I turned, and dropped Sight just as the man-no, not man; Shame-lifted his hands and threw the world at my head.
Chapter Fourteen
I dodged, and wove Block. As I crouched, Block surrounded me in a defensive shield.
Shame’s spell burned past me, leaving a scorched stink of burnt cherries in its wake. While one part of my mind was pulling out the swearwords, the other couldn’t understand how he could have missed. Shame dealt Death magic. He was a master at it. If he wanted to hit something, that thing got hit.
I pulled my machete, to block his next attack.
Instead of attacking, he stood there, breathing hard, his hands clenched into fists in front of him, head tipped down so that I could not see his eyes.
But it was the smell of sweet cherries that told me exactly what was going on. Blood magic.
Chase had marked him, cut his gut. Bound him to her with blood. Now she was using him.
Holy shit. I’d thought he was going to call his mom.
Shame’s fists shook and the fingers of his right hand slowly opened, one at a time.

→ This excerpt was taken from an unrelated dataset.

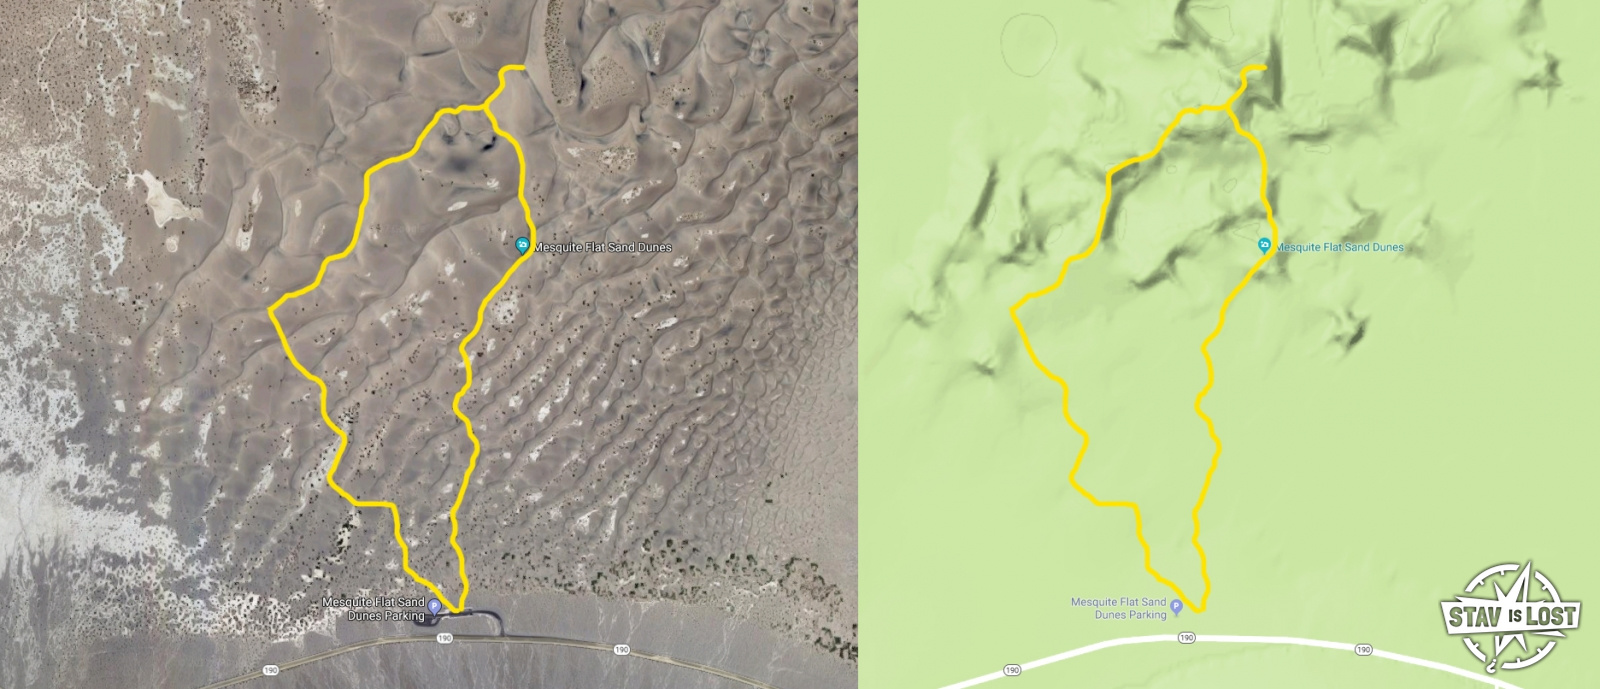 map for Mesquite Flat Sand Dunes by stav is lost
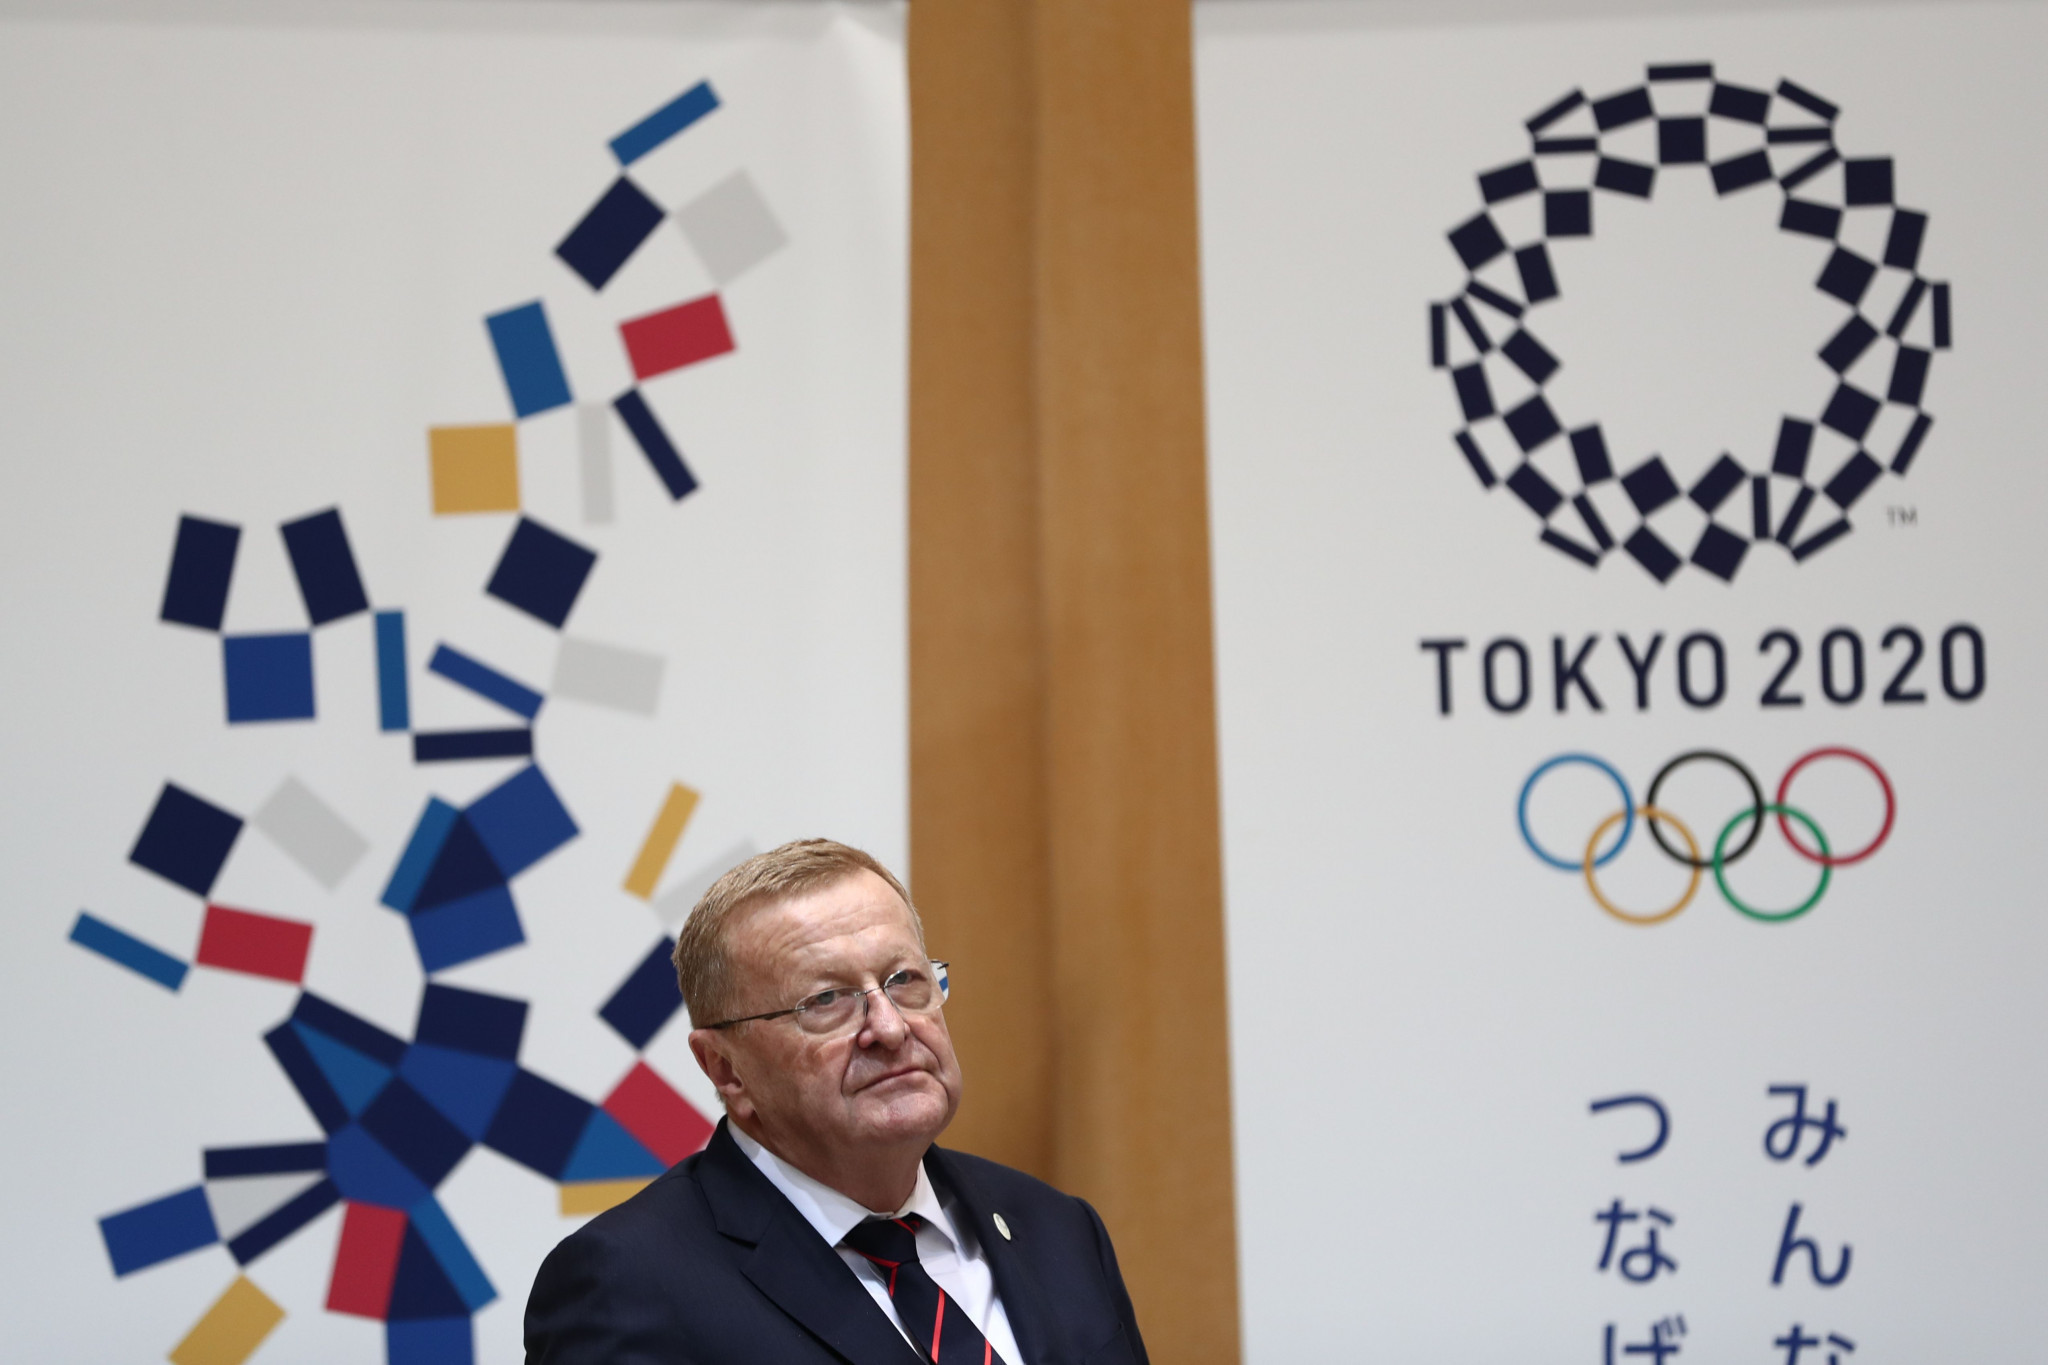 International Olympic Committee vice-president John Coates is a member of Rugby Australia's Rugby World Cup Advisory Board as the country plans a bid for the 2027 event  ©Getty Images

“Don’t,” he said, one ragged word. “Don’t let the bitch.”
He groaned. His hand jerked into the beginnings of another glyph. The grass beneath him was drying up, going brown as he drew on Death magic to fight her control over him.
Or-and this would be on my list of bad things-maybe she drew on Death magic through him to use it on me.
Shame tipped his head up, eyes burning with hatred. Sweating, teeth bared in a growl. Furious.
“Fuck her hard,” he said through clenched teeth.
To do that, I’d have to knock Shame out. He knew that. And he was buying me time.
I dropped Block, and stood back up while calmly reciting a mantra. I drew a spell for Sleep.
Not an angry spell, something a parent would use on a fussy child.
It’s always the simple things that no one expects to work.
Of course, I put so much magic into it, Shame would be out hard and fast.
His eyes narrowed, but I thought I saw him nod.
I finished the spell, and hurled it, filled with all the magic burning in my body, my bones. I threw it at Shame with everything I had.
He jerked, but didn’t lift a hand to block. He held his ground and let the spell hit him full force.
Gutsy. Like staring down a heat-seeking missile.
I felt an echoed flash of pain at my wrist, his anger-and that man knew how to hate-and then his eyes rolled back in his head. He crumpled to the ground.
Terric’s heartbeat sped up, his worry bleeding through.
Okay, maybe there was a downside to being connected to one another.
Greyson, my father said in my mind, his voice growing louder. Find Greyson.
For once, I was already ahead of him. Let Zay deal with Chase; let Terric cover our tracks. I was going to handle the real problem here-Greyson.